ELECTRONICS AND TELECOMMUNICATIONS RESEARCH INSTITUTE

Inventor(s)

Nack Woo Kim of Daejeon (KR)

Byung-Tak Lee of Daejeon (KR)

JUNGI Lee of Daejeon (KR)

Hyun Yong Lee of Daejeon (KR)

Yumin Hwang of Daejeon (KR)

SYSTEM AND METHOD FOR PREDICTING AI USEFUL LIFE BASED ON ACCELERATED LIFE TESTING DATA - A simplified explanation of the abstract

This abstract first appeared for US patent application 18209918 titled 'SYSTEM AND METHOD FOR PREDICTING AI USEFUL LIFE BASED ON ACCELERATED LIFE TESTING DATA

Simplified Explanation

The present invention relates to a system and method for predicting AI useful life based on accelerated life testing data.

  • Feature extraction unit encodes accelerated life training data and actual operation testing result into a latent variable.
  • Regression network is branched for each domain of data received by the feature extraction unit.
  • Domain discrimination network maps the accelerated life training data and actual operation testing result to the latent variables in a latent space.

Potential Applications

This technology can be applied in various industries such as manufacturing, automotive, electronics, and healthcare for predicting the useful life of AI systems.

Problems Solved

1. Predicting the useful life of AI systems accurately. 2. Improving maintenance scheduling and reducing downtime of AI systems.

Benefits

1. Enhanced reliability and performance of AI systems. 2. Cost savings through optimized maintenance schedules. 3. Increased efficiency in operations.

Potential Commercial Applications

Predictive maintenance software for AI systems

Possible Prior Art

There may be prior art related to predictive maintenance systems for machinery and equipment, but specific prior art related to predicting AI useful life based on accelerated life testing data may be limited.

What are the limitations of the system and method proposed in the patent application?

The patent application does not provide information on the scalability of the system for predicting AI useful life based on accelerated life testing data.

How does this technology compare to existing methods for predicting AI useful life?

The patent application does not compare the proposed system and method to existing methods for predicting AI useful life based on accelerated life testing data.
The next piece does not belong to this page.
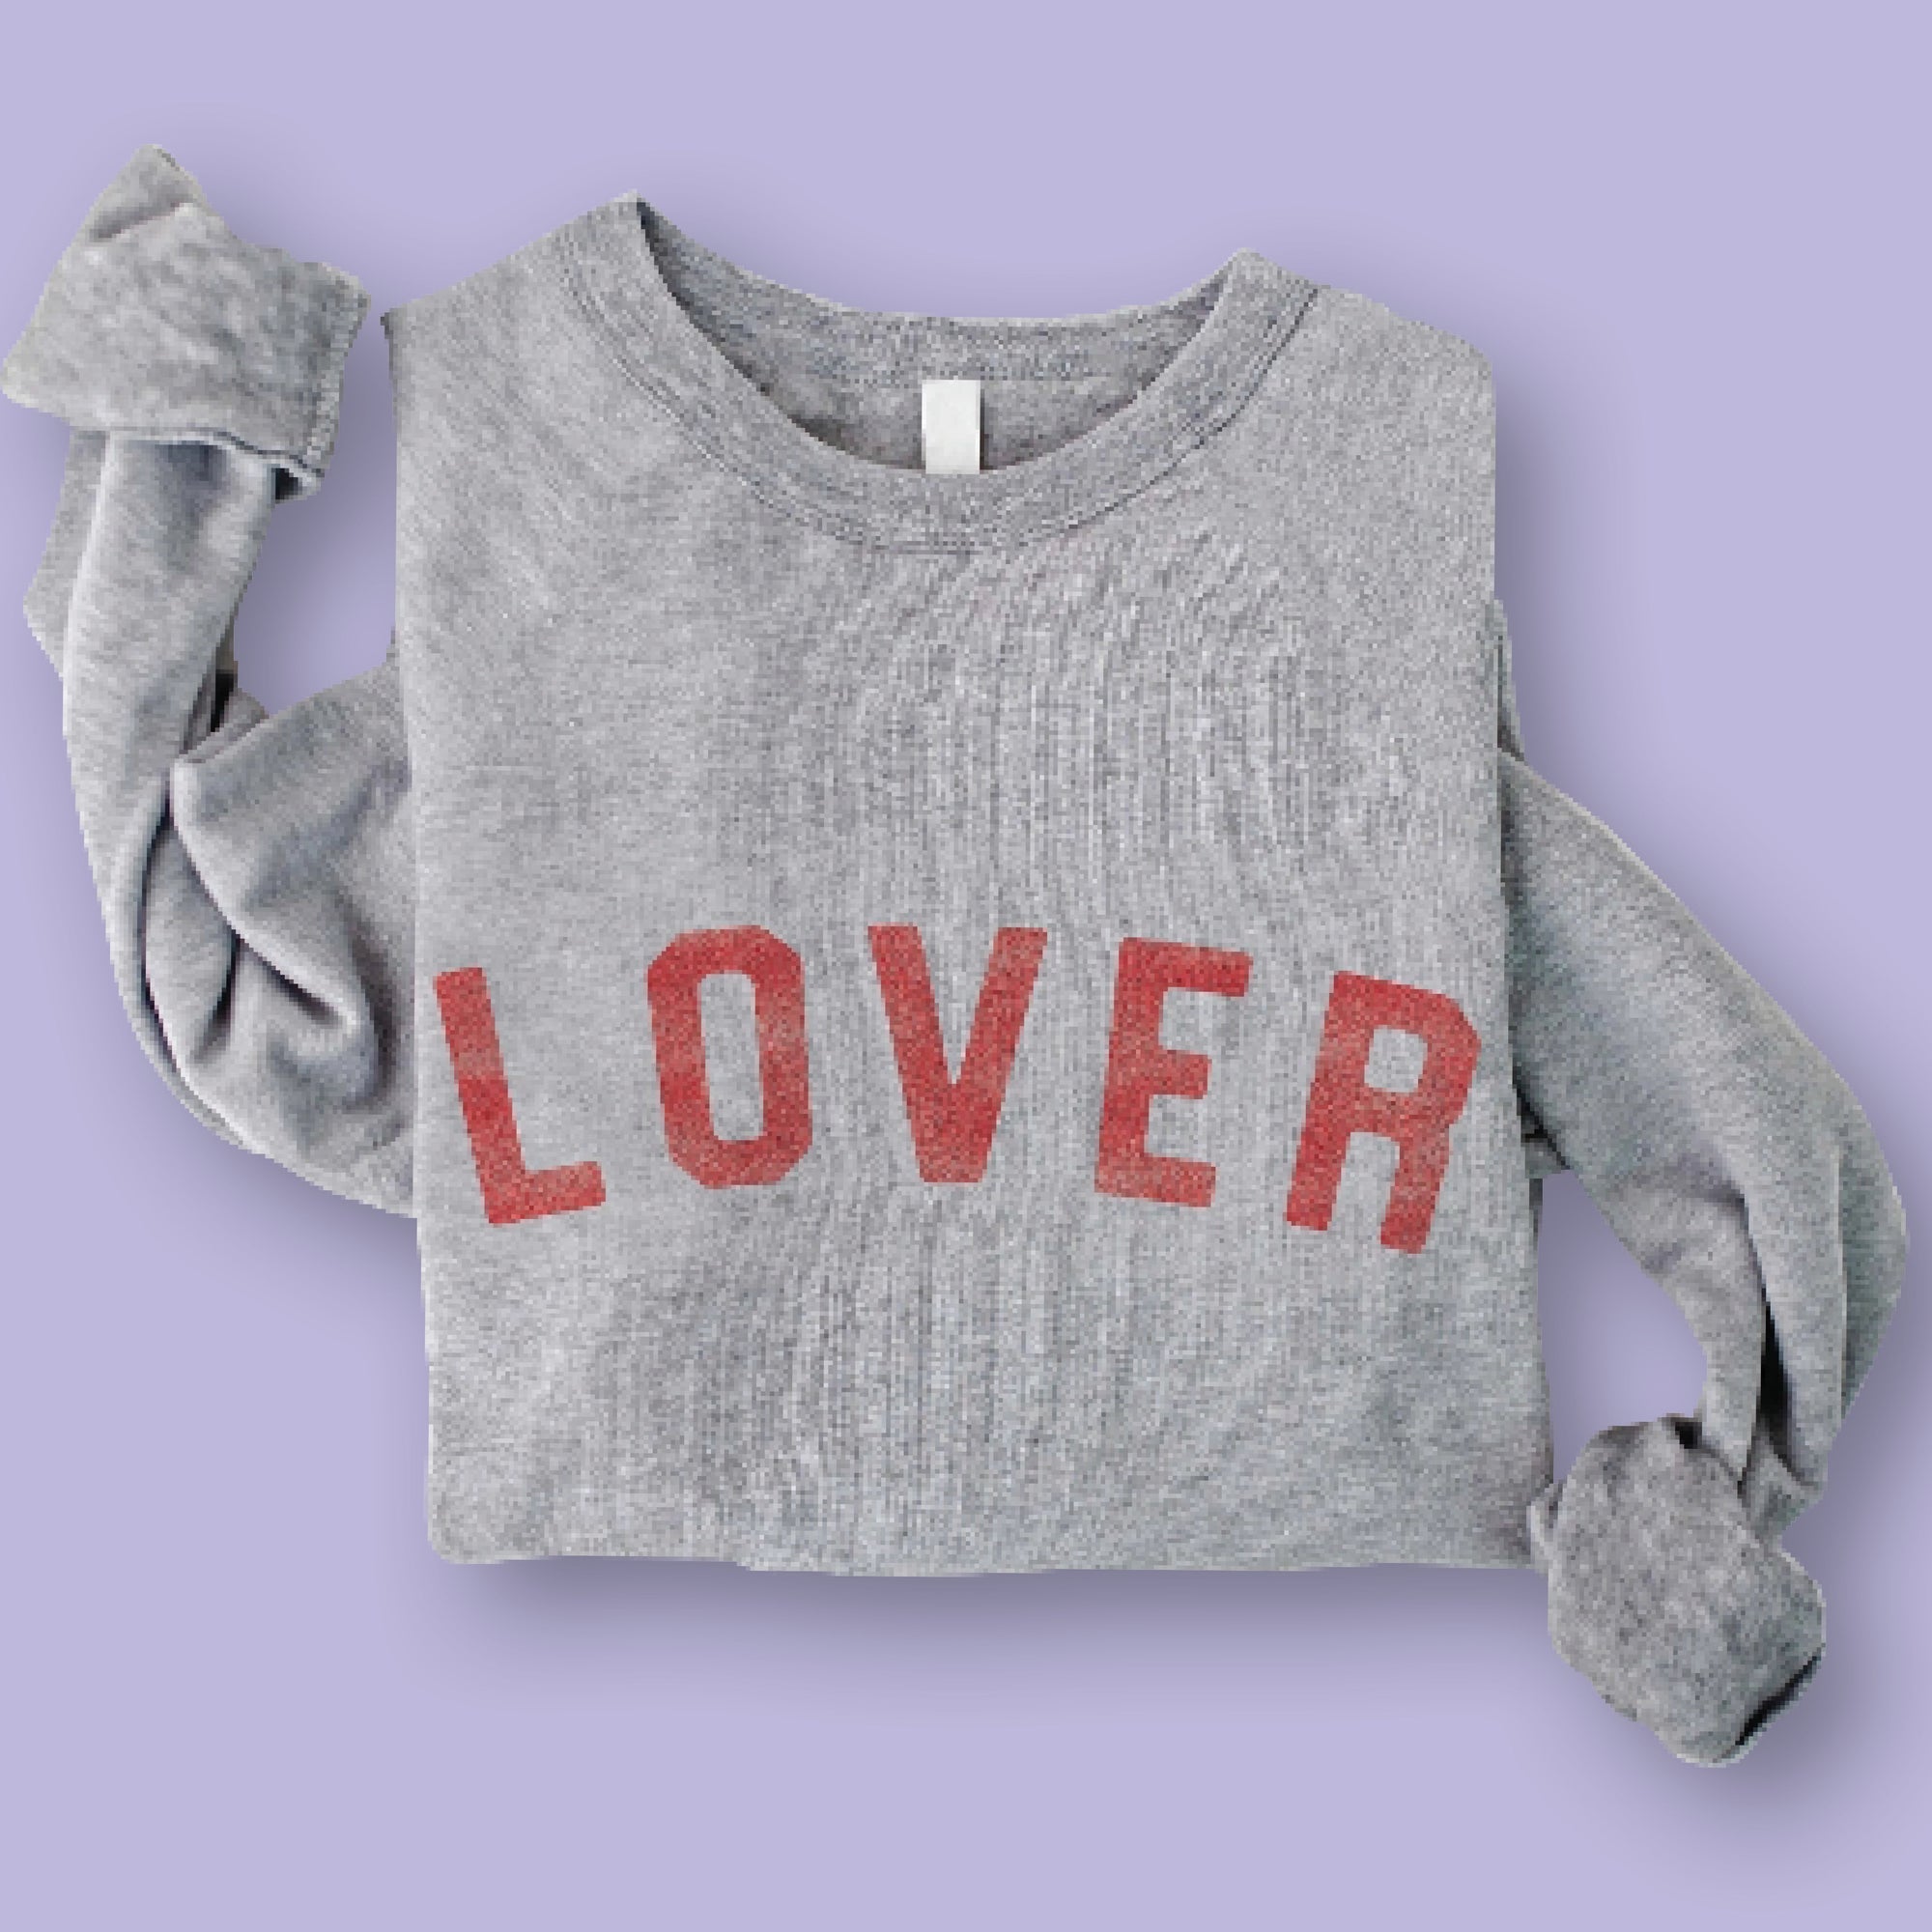 LOVER Graphic Sweatshirt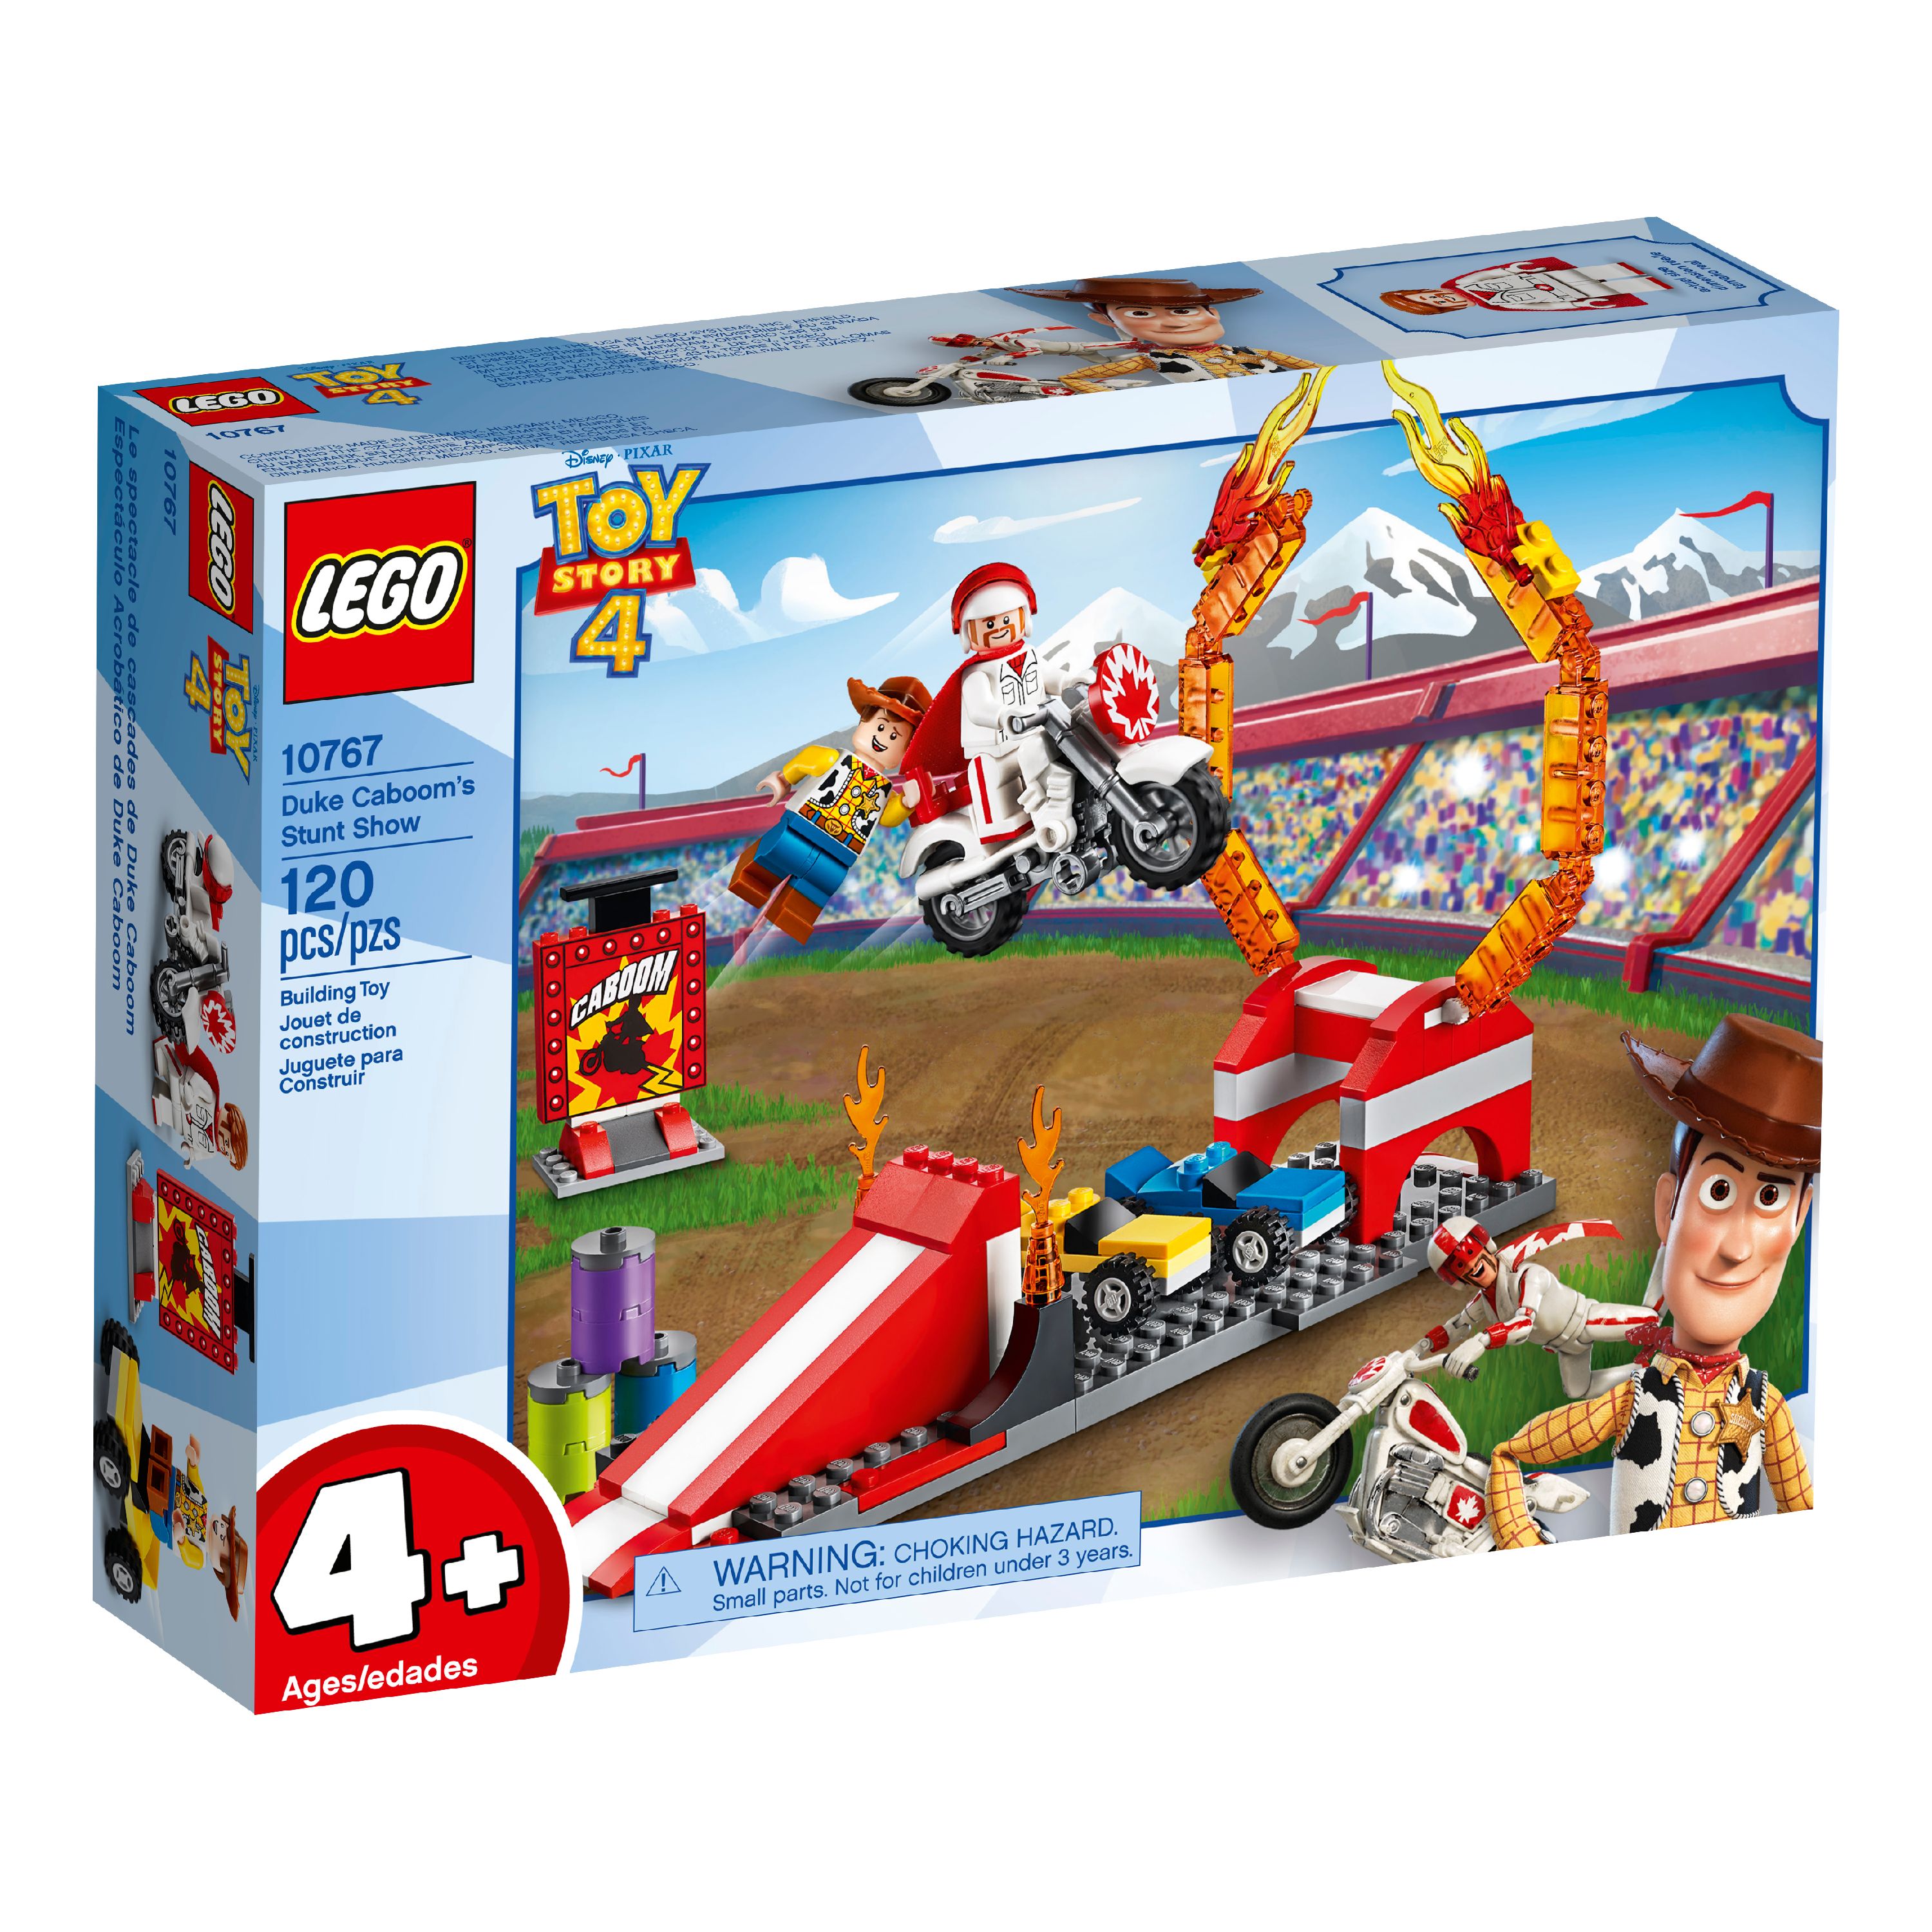 LEGO 4+ Toy Story 4 Duke Caboom'S Stunt Show 10767 - image 4 of 7

Original Abstract Submitted

The present invention relates to a system and method for predicting AI useful life based on accelerated life testing data. The system for predicting AI useful life based on accelerated life testing data according to the present invention includes a feature extraction unit configured to receive accelerated life training data and actual operation testing result and encodes the received accelerated life training data and actual operation testing result into a latent variable, a regression network configured to be branched for each domain of data received by the feature extraction unit, and a domain discrimination network configured to map the accelerated life training data and actual operation testing result to the latent variables in a latent space.